Pied cockatiels are very popular. Here random patches of color are lost. No two pieds look exactly alike. Some have only a stray white feather or two, others are so light that they may be mistaken for Lutinos. Most fanciers prefer birds that are evenly mottled. Pieds can not be sexed by the color of the tail feathers. Surprisingly enough, male cockatiels that are both Pearl and Pied, don’t lose the Pearl markings as they mature.
The White Faced cockatiel, also known as the Charcoal, shows no yellow or orange coloring. The White Faced color is most interesting when combined with the Lutino. This blend gives us the true Albino, a pure white bird with red eyes.
Whatever the color, all cockatiels make great pets and require the same care. If you want a tame bird, get a baby that is being hand fed. If you can’t handle the bird at the time of the sale, don’t expect to be able to play with it at all. Even though all cockatiels are bred in captivity, if the birds are not worked with at an early age, they become independent and wild. No matter how much you try, a rough bird will resent being touched and will let you know it by biting. Only the males whistle and talk. Unfortunately, gender can’t be distinguished when cockatiels are babies. A hand fed female will be a tame pet.
Cockatiels are very easy to feed. A vitamin, mineral, and protein enriched seed or pellet mix is the backbone of the cockatiel diet. Health grit and cuttlebone or mineral block must always be available. Spray millet, egg sticks, honey sticks, and fruit sticks are great as treats. Small amounts of fresh greens, carrot, apple, scrambled egg, corn, or whole wheat bread can be given to round out the diet. Vitamins are mixed with the water to make sure that the nutrition is complete in every way.

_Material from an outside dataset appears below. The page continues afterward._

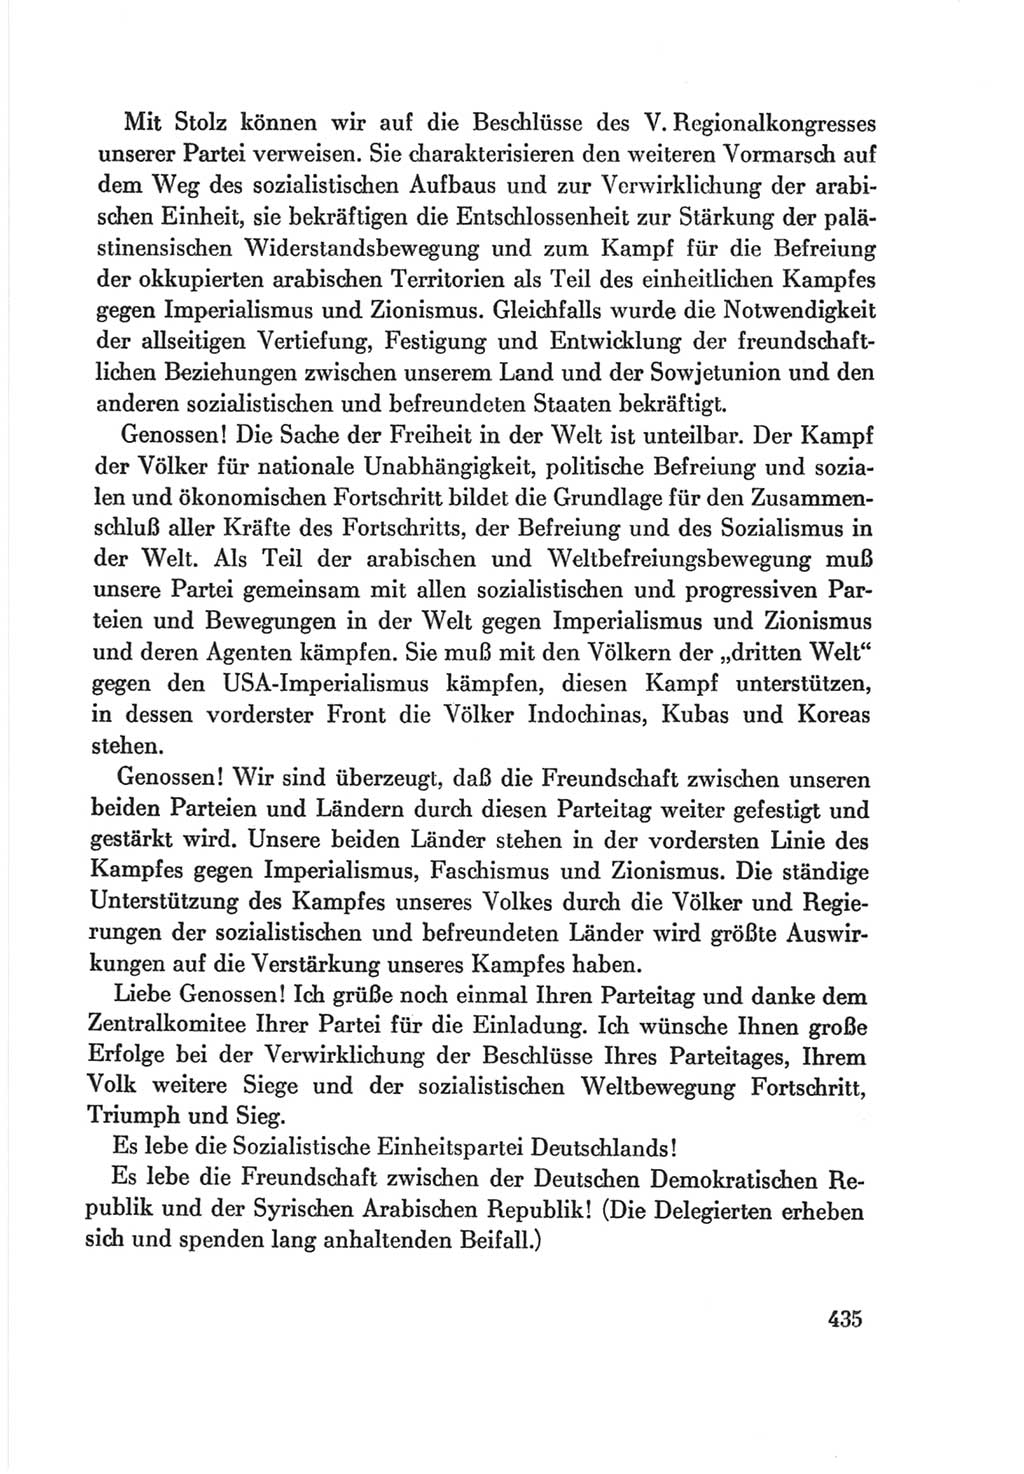 Protokoll der Verhandlungen des Ⅷ. Parteitages der Sozialistischen Einheitspartei Deutschlands (SED) [Deutsche Demokratische Republik (DDR)] 1971, Band 1, Seite 435 (Prot. Verh. Ⅷ. PT SED DDR 1971, Bd. 1, S. 435)

If your cockatiel is taken out often for play and exercise the cage only has to be big enough for the bird to flap its wings. If the bird is kept in the cage all the time, a cage thirty-six inches by eighteen inches is the smallest that can be used. No matter what, the cage can never be too big. Make sure that your bird can’t stick its head out through the bars. If something scares the bird, it will jerk its head back and get stuck. In a panic, the bird will keep pulling until it breaks its neck or chokes itself to death. For this reason, large parakeet cages are better for cockatiels than small parrot cages.
The opposite holds true for toys. The cockatiel has a much stronger beak than a budgie. Plastic keet toys will quickly be destroyed. By swallowing the plastic, your cockatiel might harm itself. Use only hard vinyl, acrylic, wood, metal or lava rock toys for a cockatiel.

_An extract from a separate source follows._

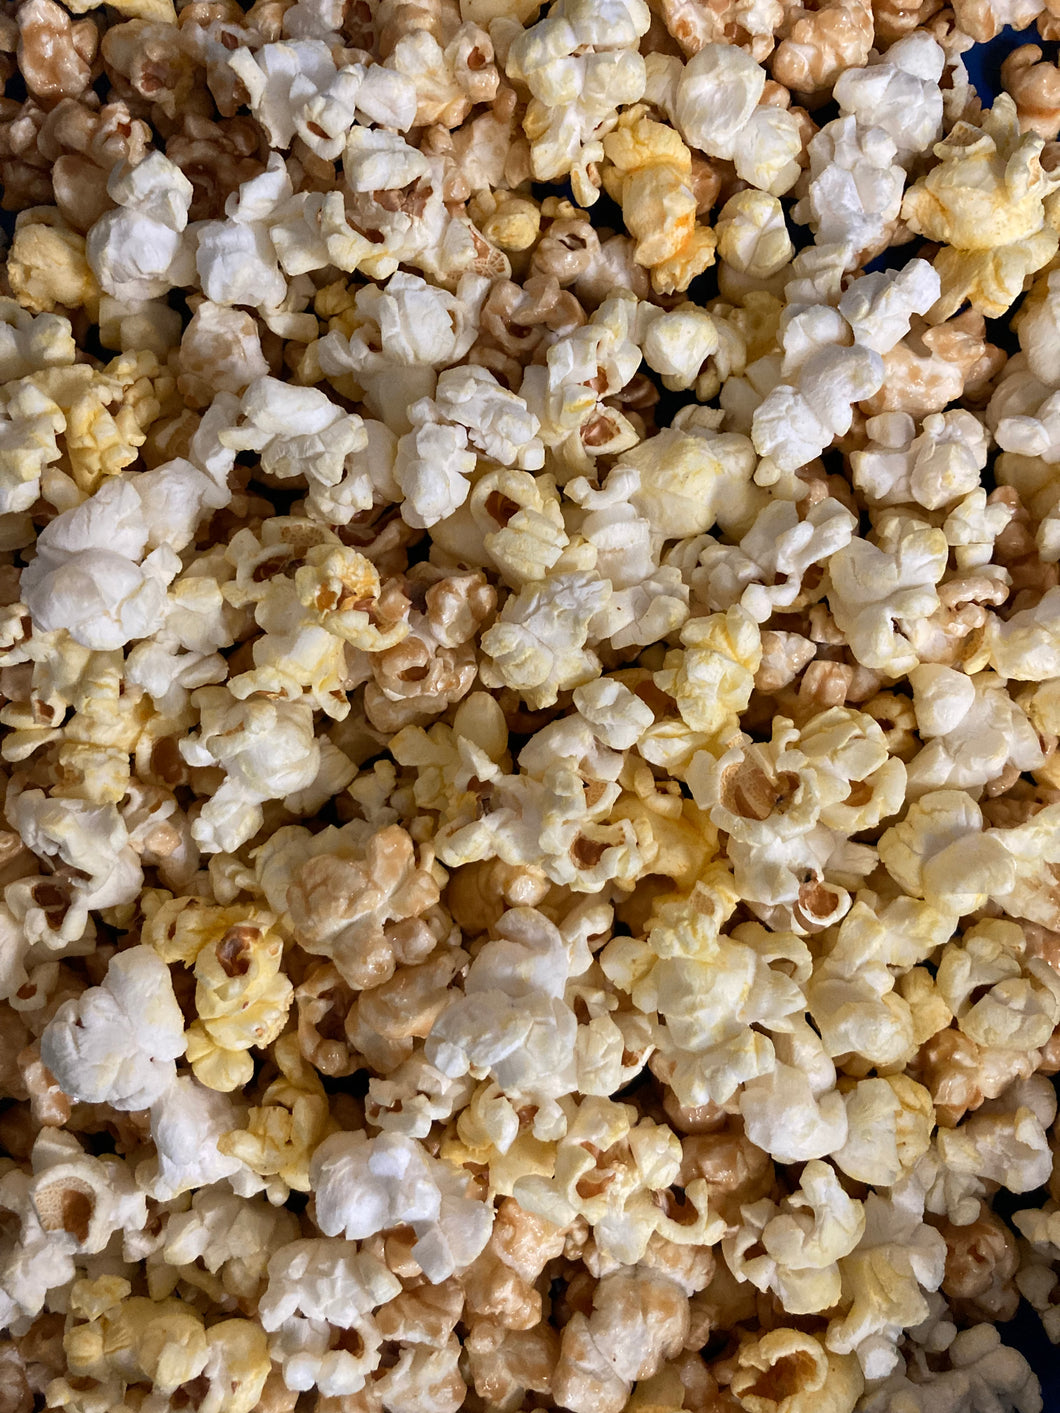 Gourmet Popcorn Keller Mix (Caramel & Butter) Resealable Bag

Temperature is not really important. Anything that is comfortable for you will be fine for your cockatiel. Do be sure that the bird is not kept in a draft. Remember, in the summer, a draft from a fan or an air?conditioner can make any bird very sick.
To be certain that the cockatiel is getting proper rest it is a good idea to cover the cage from dusk to dawn. Interrupting the sleep of any bird is a bad practice but especially harmful for cockatiels. These birds are subject to night frights and can gravely injure themselves by getting upset and panicking during the night. A cage cover and a small night light can be a great help in preventing this problem.